Hi All..
I wanted to know how do you make the Weibull equation below into the form y=mx+c. The solution to this has the logs taken twice..
$\displaystyle P_f= 1 - exp\left[-\left(\frac{\sigma}{\sigma{_0}}\right)^m\right] $
Thank you
Hi.. thanks for your reply.. there is no question just from notes where the weibull is in the form y=mx+c.. just wanted to know the process on how it is derived?
I will put the solution..
$\displaystyle \ln\ln\left(\frac{1}{1-P_f}\right) = m\ln\sigma - m\ln\sigma_0 $
Thanks
Hi dadon,
We have
$\displaystyle P_f=1-exp\left[-\left(\frac{\sigma}{\sigma{_0}}\right)^m\right]$
Note that we can re-write this as
$\displaystyle exp\left[-\left(\frac{\sigma}{\sigma{_0}}\right)^m\right]=1-P_f$
Taking logs to the base $\displaystyle e$ of both sides gives
$\displaystyle -\left(\frac{\sigma}{\sigma{_0}}\right)^m=\ln(1-P_f)$
Take the minus over to make it easier to deal with....

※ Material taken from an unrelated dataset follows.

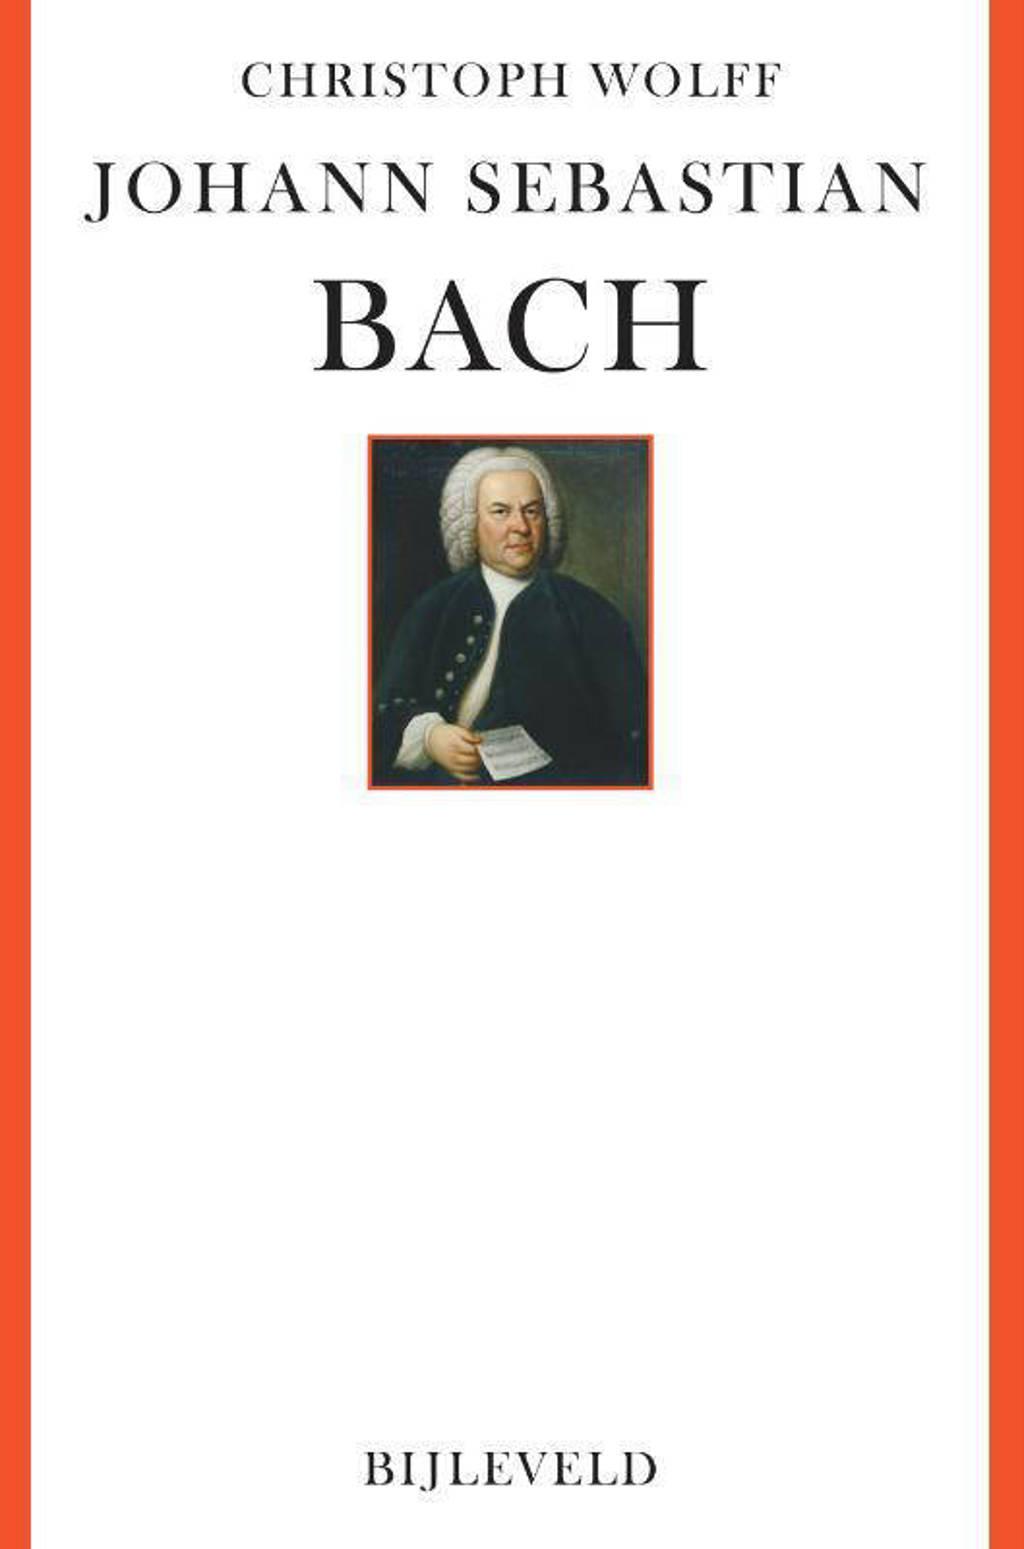 Johann Sebastian Bach - Christoph Wolff

$\displaystyle \left(\frac{\sigma}{\sigma{_0}}\right)^m=-\ln(1-P_f)$
Now we know that $\displaystyle a\ln(b)\equiv\ln(b^a)$ thus we are left with
$\displaystyle \left(\frac{\sigma}{\sigma{_0}}\right)^m=\ln\left( \frac{1}{1-P_f}\right)$
Taking logs of base $\displaystyle e$ again and using that same principle leads to
$\displaystyle
m\ln\left[\left(\frac{\sigma}{\sigma{_0}}\right)\right]=\ln\left[\ln\left(\frac{1}{1-P_f}\right)\right]
$
Using the fact that $\displaystyle \ln\left(\frac{a}{b}\right)\equiv \ln(a)-\ln(b)$ gives the required result.
Hope this helps.